Research on Rare Events

My work on rarity shows a natural progression from fundamental work on rare cases and small disjuncts to work on class distribution and then changing class distributions. However, in between those two research areas I worked on the problem of predicting very rare events. This research was motivated by the problem of predicting telecommunication equipment failures from sequences of alarm messages, which I faced while working at AT&T Labs. In this work the events to be predicted were extremely rare and this impacted the requirements for the learning system. Furthermore, because the underlying data was time-series data and because virtually all classification programs require an example-based representation of the data, I faced a sizeable challenge. Because the approach of aggregating the data from time-series data to examples using a sliding window approach would most likely obscure subtle patterns in the data, I designed and implemented Timeweaver, a new genetic algorithm-based classification system that could operate natively on time-series data.
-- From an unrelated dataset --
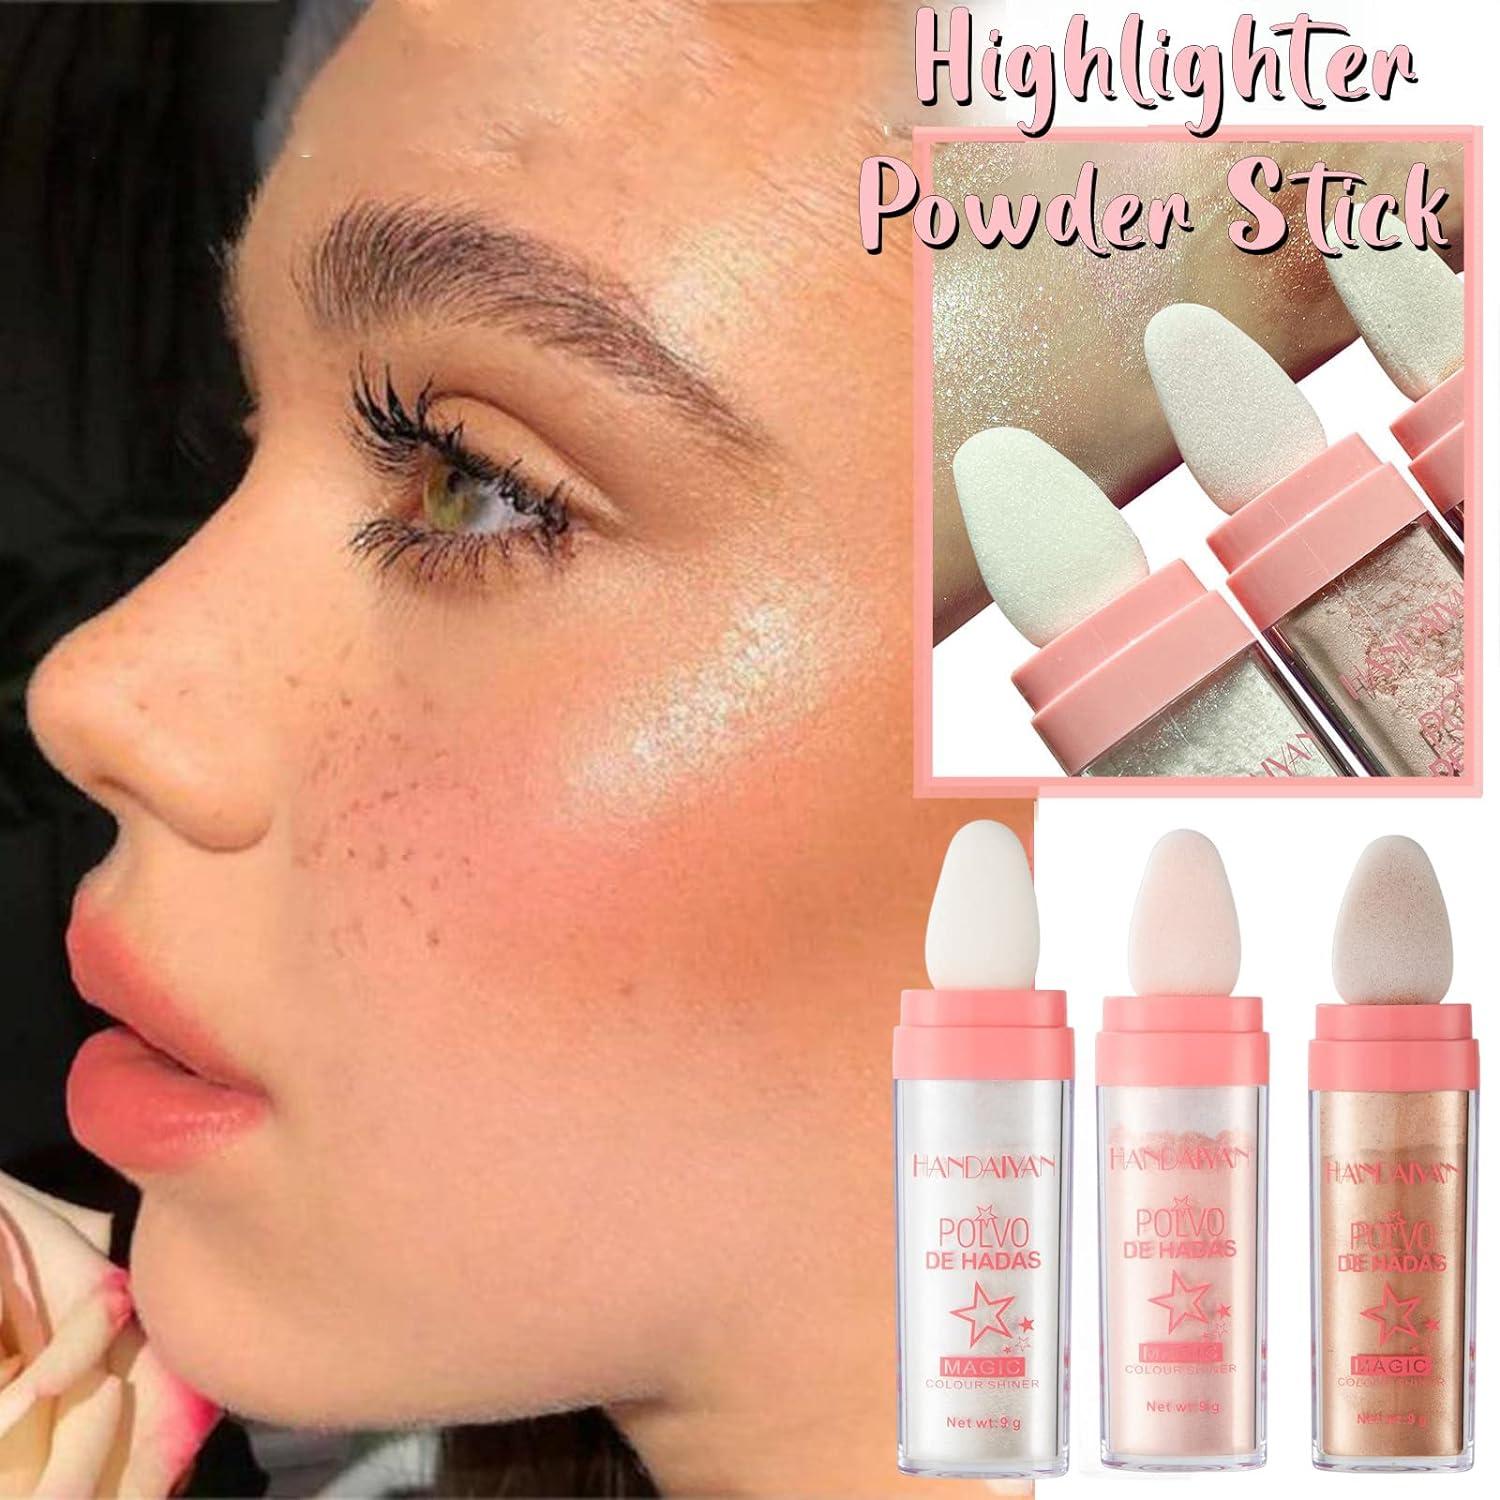 3 Colors Polvo De Hadas Highlighter Makeup Body Glitter Highlighter Powder  Stick Fairy Highlight Patting Powder For Hair Face Eyes Body 3 Pack

The fitness function that I utilized, combined with the search capabilities of the genetic algorithm, made it possible to find subtle patterns in the data that were useful for predicting rare events. This work was described in two main papers, one of which focused on the general problem of event prediction and how to formulate this as a classification problem (Weiss & Hirsh, 1998) and a second paper that focused on the genetic-algorithm based prediction system (Weiss, 1999). This work was notable because it was one of the early efforts in using genetic algorithms for data mining and because the event prediction problem had not previously been formulated clearly and comprehensively as a classification problem. These papers have both been cited quite substantially and the KDD paper on event prediction (Weiss & Hirsh, 1998) has been cited by over 125 other papers.